Random Forest Classifier Model Accuracy: 0.9587405


In [15]:
# Make and save testing predictions with the saved logistic regression model using the test data


# Review the predictions
# Make predictions on the test data using the logistic regression model
test_predictions_logistic = logistic_model.predict(X_test_scaled)

# Save the predictions to a DataFrame
predictions_logistic_df = pd.DataFrame({'Actual': y_test, 'Predicted_Logistic': test_predictions_logistic})

# Display the predictions DataFrame
print(predictions_logistic_df.head())


      Actual  Predicted_Logistic
1351       1                   0
1687       1                   0
1297       1                   1
2101       0                   0
3920       0                   0


In [16]:
# Calculate the accuracy score by evaluating `y_test` vs. `testing_predictions`.
# Print the accuracy score of the Random Forest Classifier model
accuracy_rf = accuracy_score(y_test, y_pred_rf)
print(f"Random Forest Classifier Model Accuracy: {accuracy_rf:.7f}")

Random Forest Classifier Model Accuracy: 0.9587405


## Evaluate the Models

Which model performed better? How does that compare to your prediction? Write down your results and thoughts in the following markdown cell.

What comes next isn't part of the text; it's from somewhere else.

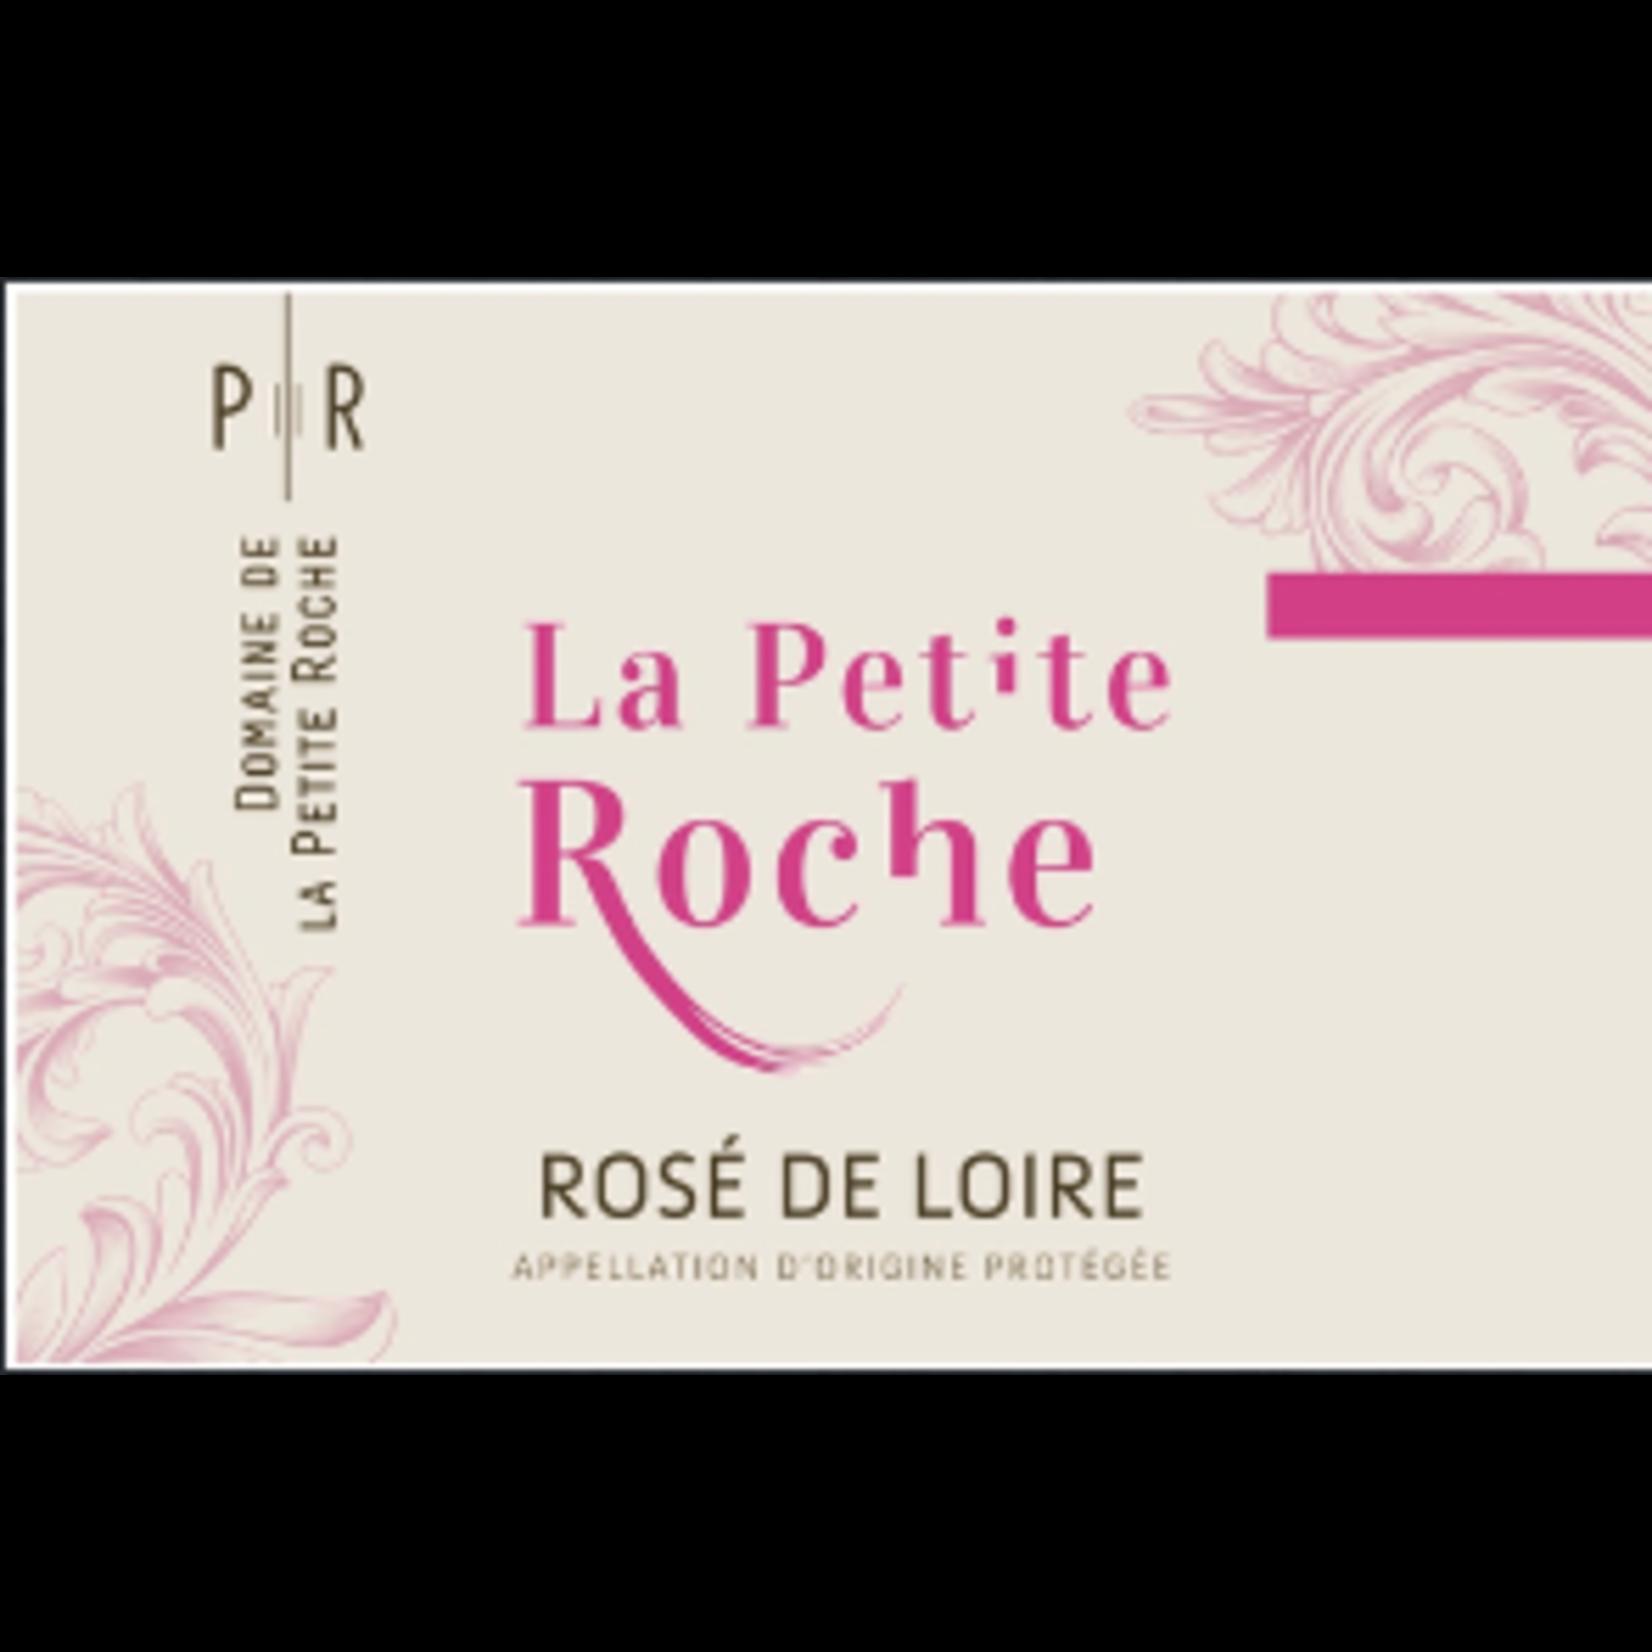 Domaine de la Petite Roche La Petite Roche Rose 2020 Loire, France

*Replace the text in this markdown cell with your answers to these questions.*

In [17]:
# Make predictions on the test data using the Random Forest Classifier model
test_predictions_rf = random_forest_model.predict(X_test_scaled)

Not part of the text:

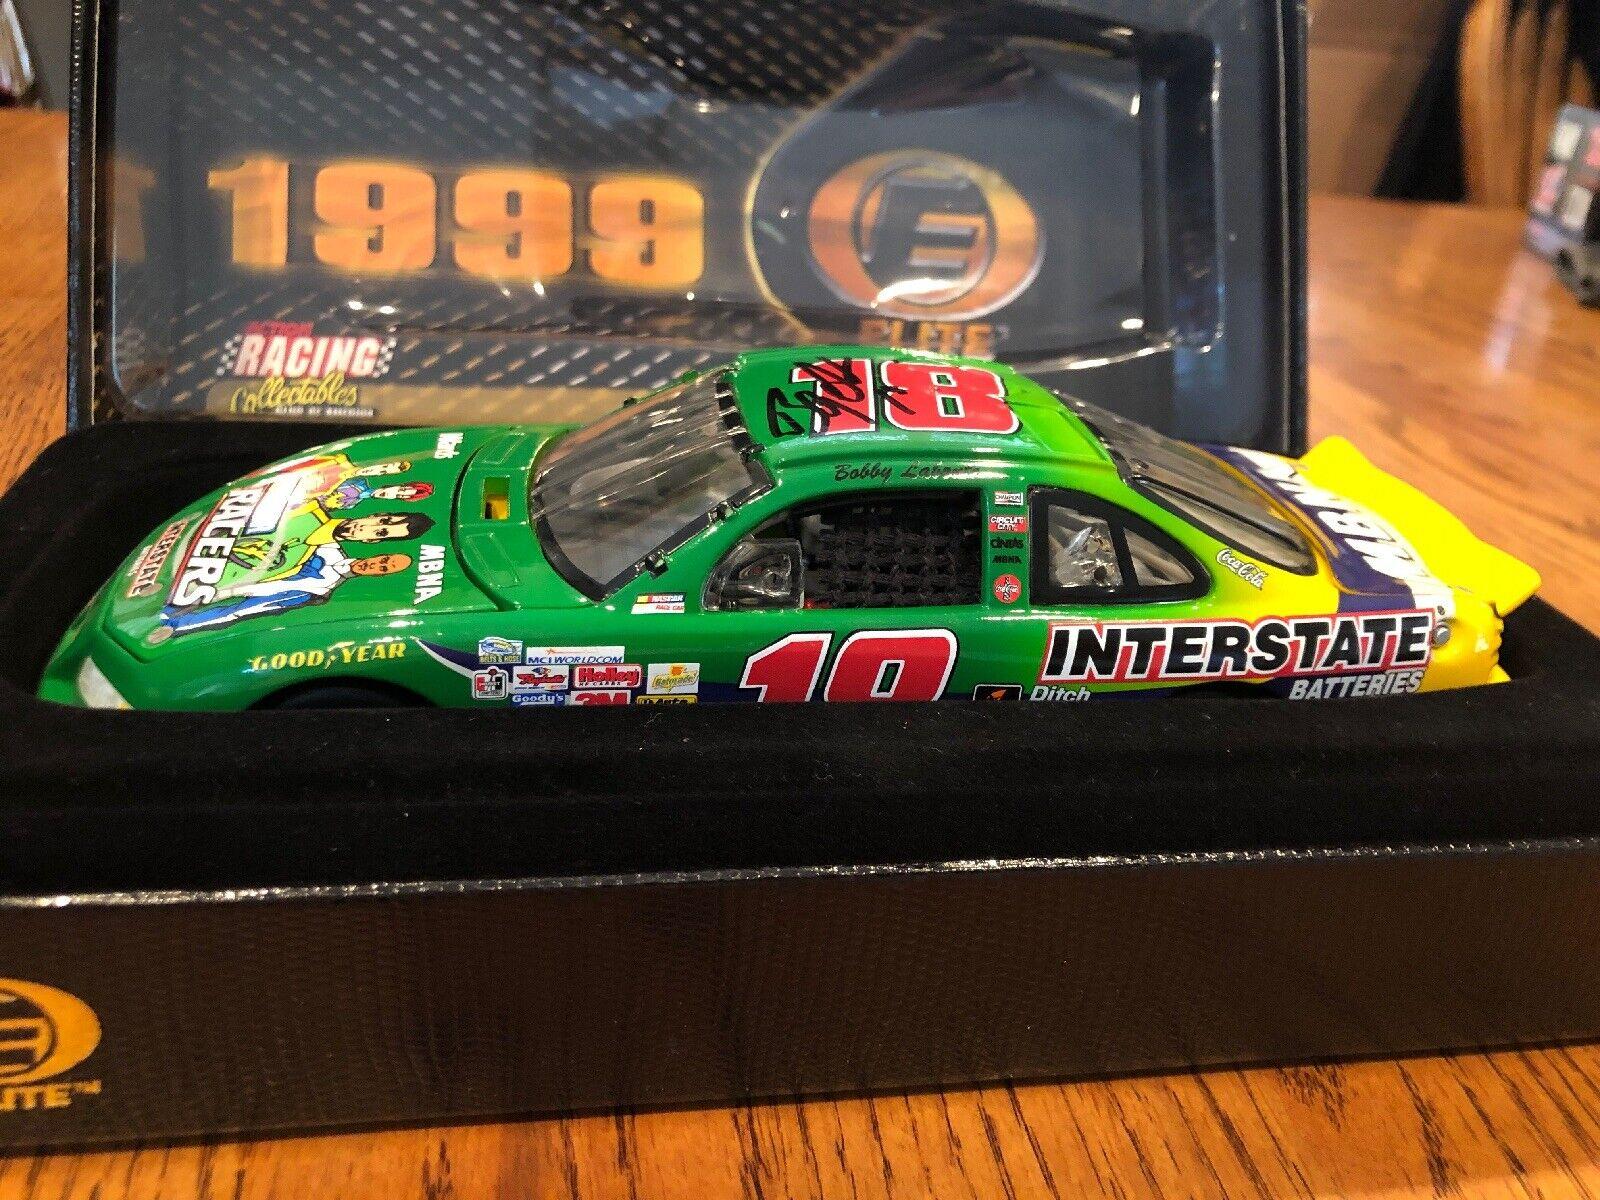 1999 Bobby Labonte AUTOGRAFATO  18 Interstate Batteries NASauto Racing Collectables CLUB OF AMERICA 1 24 Elite

# Calculate the accuracy score for Random Forest Classifier model
accuracy_rf = accuracy_score(y_test, test_predictions_rf)

# Print the accuracy score for both models
print(f"Logistic Regression Model Accuracy: {accuracy_logistic:.4f}")
print(f"Random Forest Classifier Model Accuracy: {accuracy_rf:.4f}")

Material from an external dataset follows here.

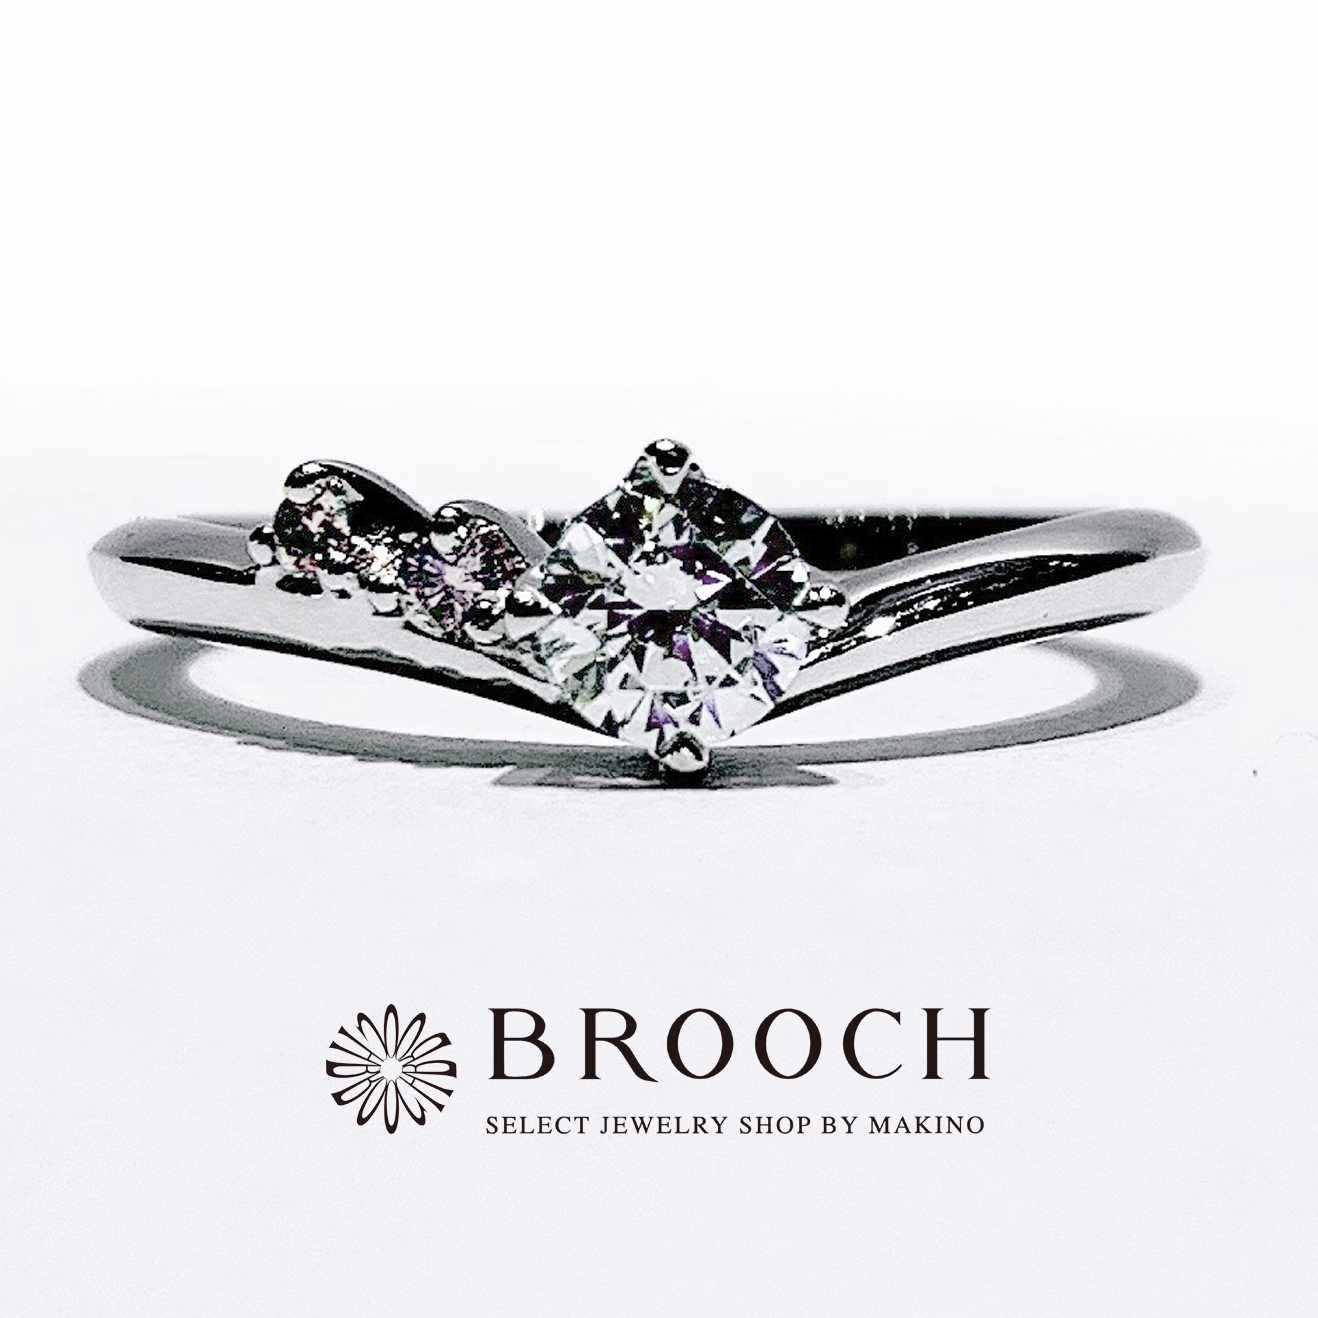 BROOCH 婚約指輪 エンゲージリング 片側メレピンクダイヤV字ライン

Logistic Regression Model Accuracy: 0.9273
Random Forest Classifier Model Accuracy: 0.9587


The models were evaluated as follows:
Logistic Regression Model Accuracy: 92.73%
Random Forest Classifier Model Accuracy: 95.87%
The Random Forest Classifier outperformed the Logistic Regression model in terms of accuracy, achieving a higher accuracy score. This result aligns with the common expectation that Random Forests can be more effective, especially when dealing with complex or non-linear relationships in the data.

My prediction that the Random Forest model would perform better was accurate, reflecting the versatility and robustness of Random Forests in handling a variety of datasets. It's crucial to assess different models to choose the one that best suits the characteristics of the data at hand.